Technology stocks were relatively more resilient but still ended the week lower, with companies like Apple and Microsoft slipping alongside the broader market.

ETFs to Watch if Investors Buy the Dip

Market pullbacks often prompt investors to look for entry points. For investors in the Gulf region, several GCC-listed ETFs provide exposure to U.S. equities, allowing investors to gain access to global markets while trading locally.

One example is the Chimera S&P US Shariah ETF, which tracks a Shariah-compliant index of large U.S. companies. The fund provides diversified exposure to major sectors of the U.S. economy while adhering to Islamic investment principles.

Investors seeking higher growth exposure may also look at the Chimera S&P US Tec

h Shariah ETF, which focuses on technology-driven companies from the U.S. market.

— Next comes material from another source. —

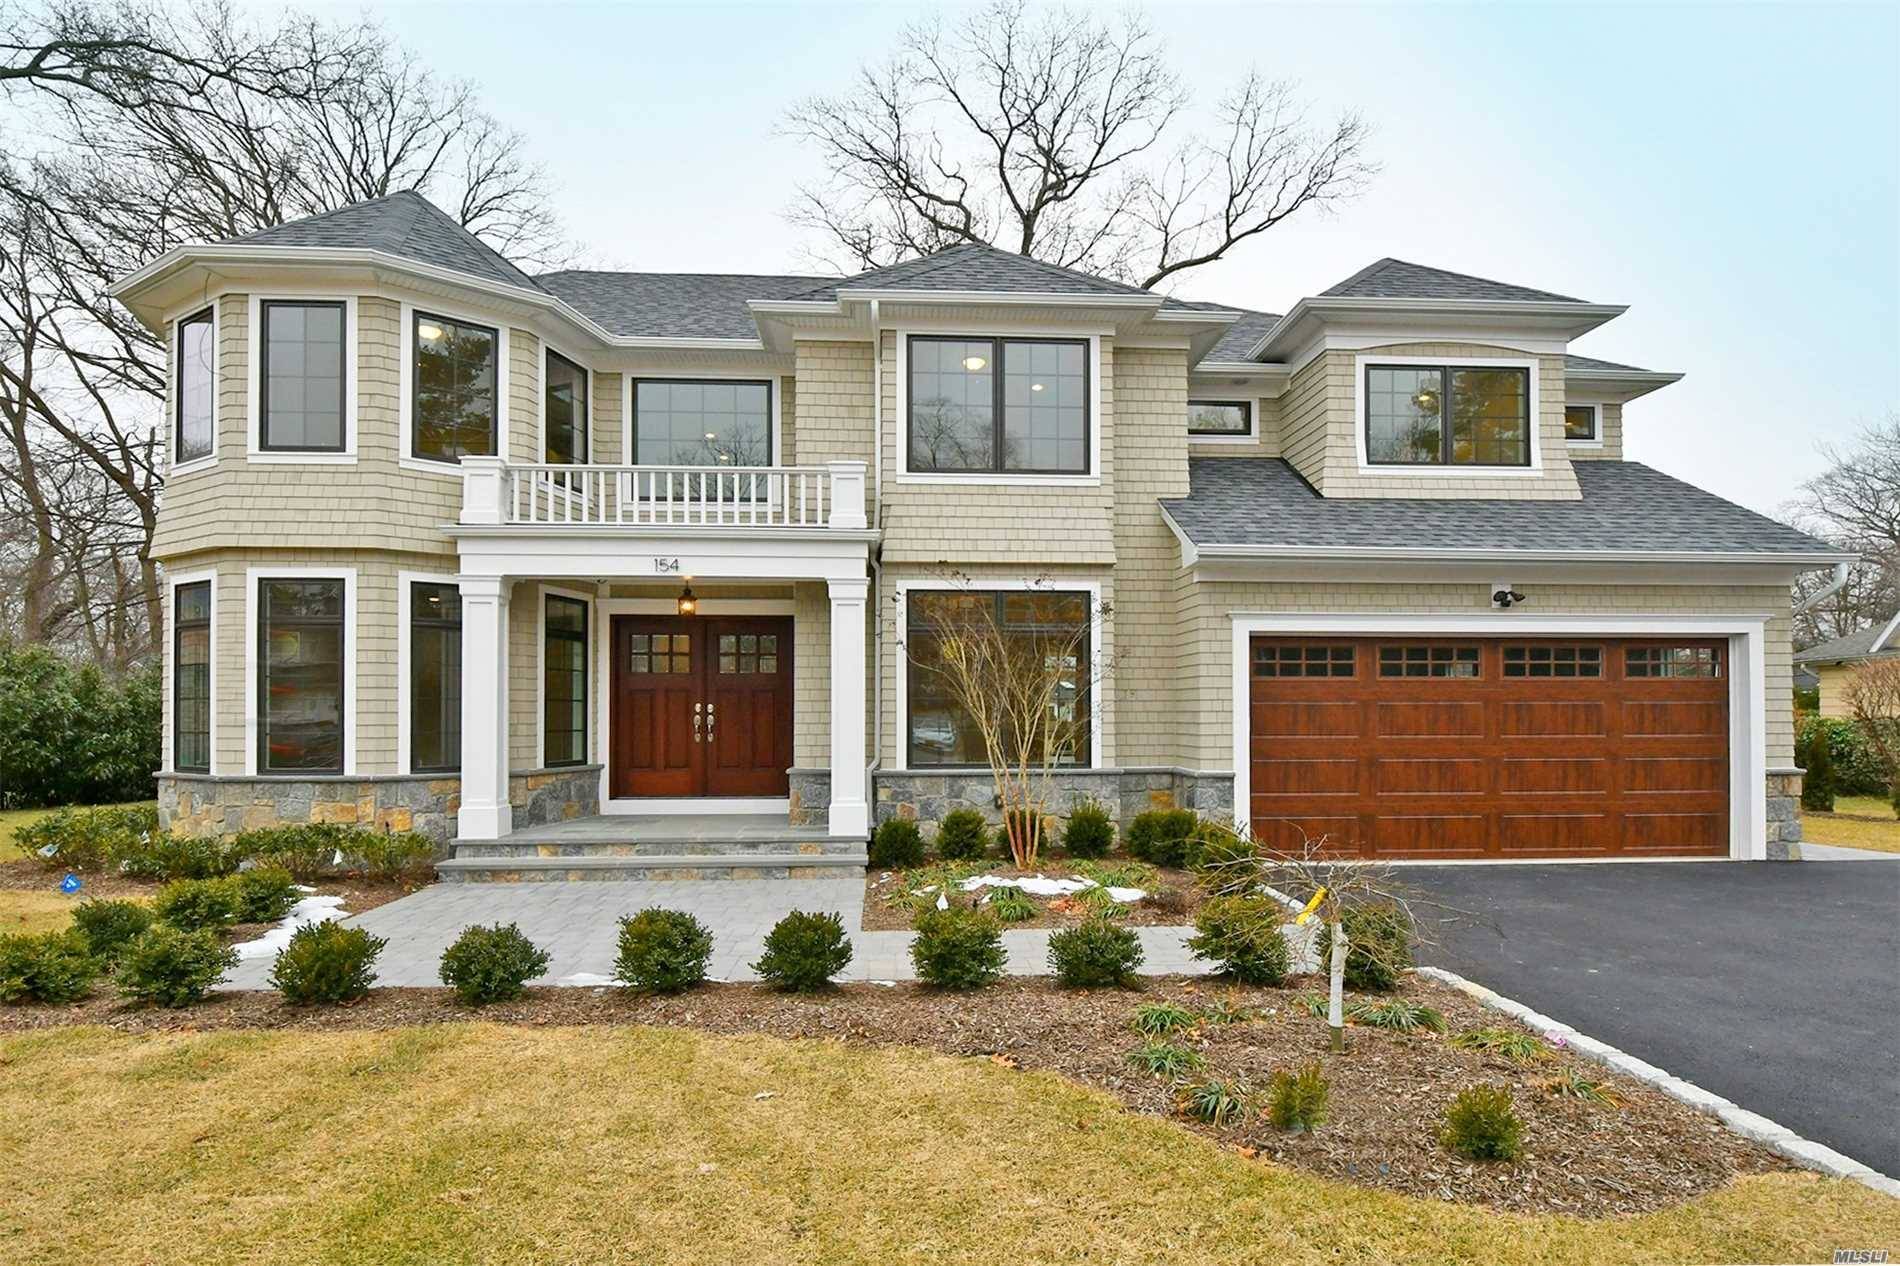 HUGE PRICE REDUCTION. Amazing New Construction With Extraordinary Craftsmanship.

The ETF offers access to the sector that has been a key driver of global equity returns over the past decade.

Another option is the Albilad US Tech ETF, listed on the Saudi exchange, which provides GCC investors with targeted exposure to leading U.S. technology firms through a locally traded fund.

For regional investors looking to buy the dip during periods of market volatility, these ETFs offer a way to gain diversified exposure to U.S. equities without needing to trade directly on U.S. exchanges.

A Difficult Road Ahead for Markets

For now, markets remain caught between two powerful forces: rising geopolitical risk driving energy prices higher and signs of a slowing U.S. economy.

If the conflict in the Middle East continues to disrupt energy markets while economic data weakens, investors may face an environment reminiscent of past stagflationary episodes, yet one of the most challenging scenarios for both policymakers and financial markets.

As a result, volatility across global equities, commodities, and ETFs may remain elevated in the weeks ahead.